The espresso came from a machine that actually used real ground beans and the making of it was a lengthy process. The brandy came from an old pottery bottle. The price reflected both these sources.

"Thank you," Cormac paid without quibbling, since Olkennon had given him a generous budget. "I'm looking for someone called Samara—can you help?"

The bearded barman laughed, then repeated the words, "Looking for Samara."

"If you could explain?" Cormac enquired politely.

"Someone's played a joke on you. If you're 'looking for Samara. You're searching in vain. It comes from just after the bombing. A guy had lost his mind and was looking for Samara. He had no other details—couldn't remember—and there were thousands called Samara here in the city." He looked contemplative for a moment. "Lot of them changed their names since."

Cormac nodded his thanks and turned away to head for a nearby bench table. It did not surprise him that his contact had not given a real name or method of identification. Doubtless he was being watched in here, as he had been watched since the moment he entered the old city. He placed his drinks down on the compacted-fibre surface of the table, shed his fog robe and stretched his back before sitting so any watchers would be able to see he was wearing ECS fatigues. The barman saw, for he frowned and looked quickly away.

The espresso was good, the brandy better, but Cormac sat with deliberate fidgety impatience and scanned his surroundings. He spotted a man clad in similar robes to his own sitting at the far side of the room. He hadn't been there a few minutes ago and he had no drink before him—sloppy, and easily spotted.
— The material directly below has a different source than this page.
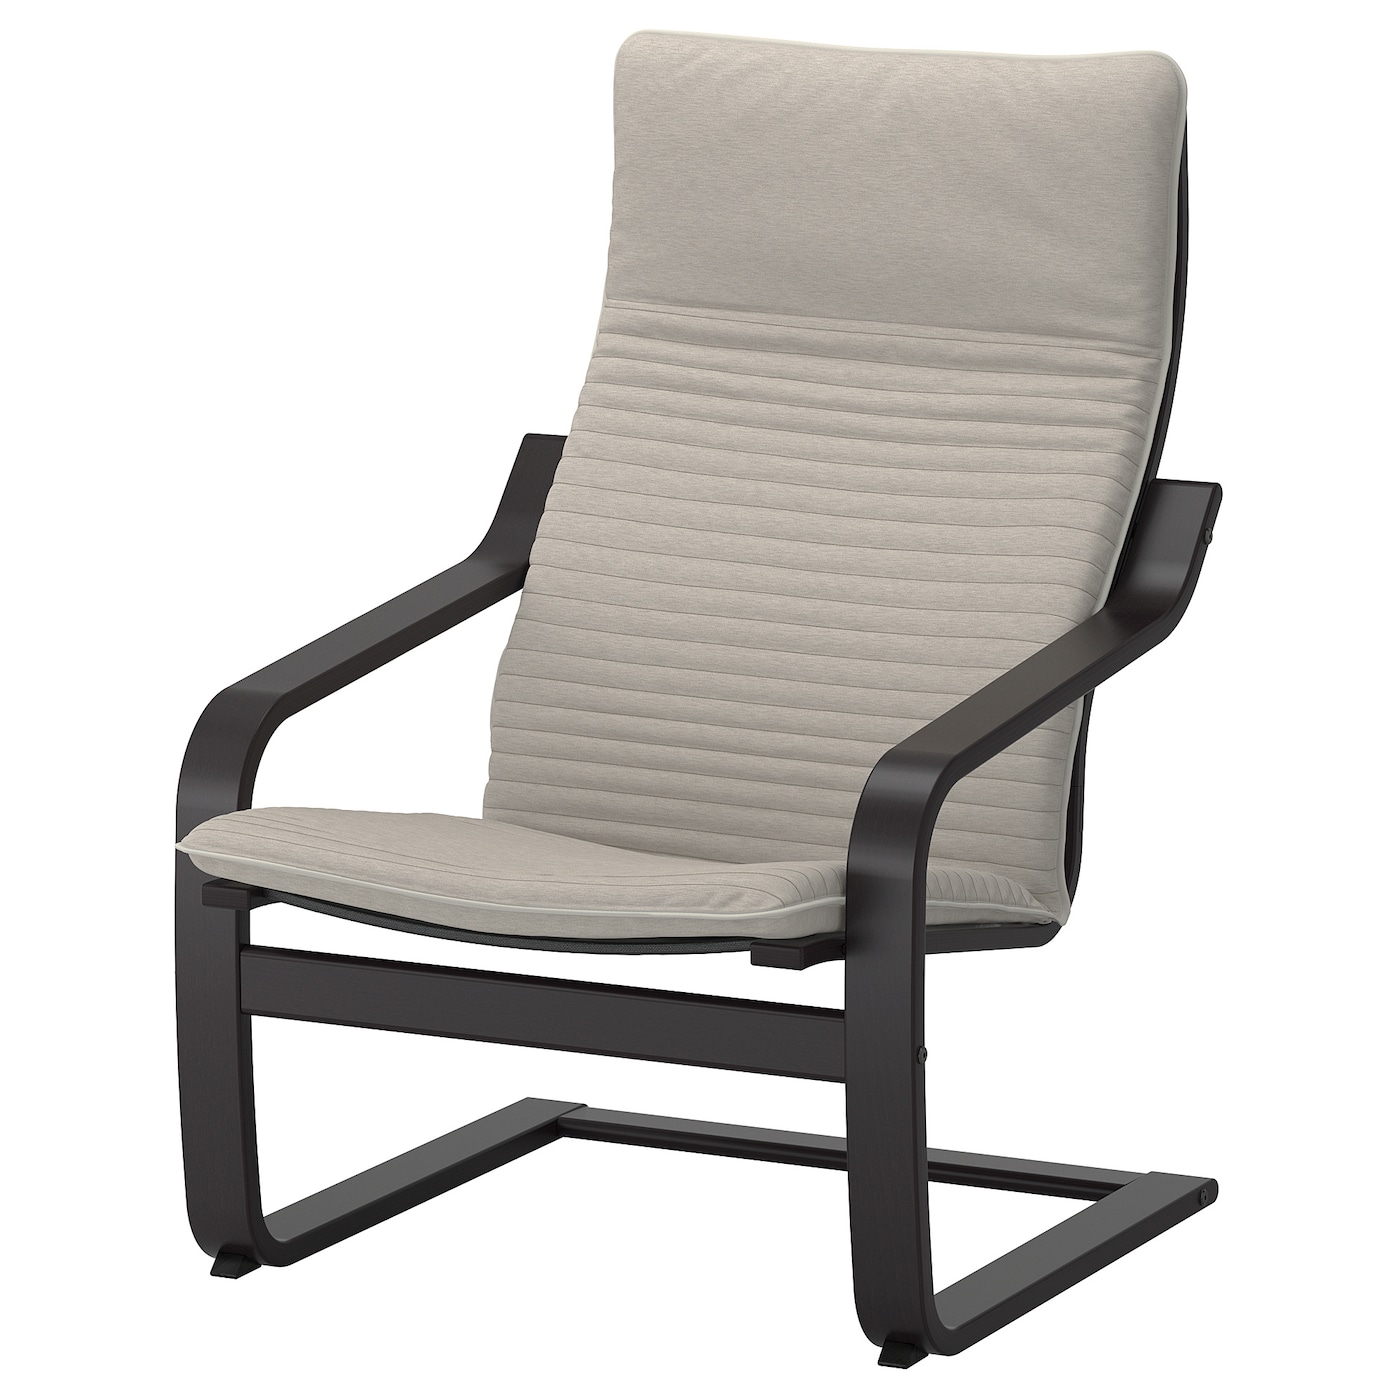 ПОЭНГ Кресло, черно-коричневый/Книса светло-бежевый POÄNG IKEA

As Cormac finished his coffee, three individuals entered the place and headed directly to where he sat. The two men were heavily built—the archetypal thugs employed by many criminal organisations. They either possessed boosted musculature and reinforced bones, or had serious steroid habits and spent most of their lives pumping iron. They wore a mixture of the kind of fatigues on sale anywhere and local clothing, in this case consisting of long, heavy coats and the kind of hats worn by gangsters portrayed on ancient celluloid film. The other figure was a woman in a leather tabard-like garment split up the sides of her legs to reveal black trousers and heavy trekking boots. Her face was made-up: heavy on the blue lip gloss and face powder to cover a rash of pocked scars. Her hair was black and coiled on top of her head.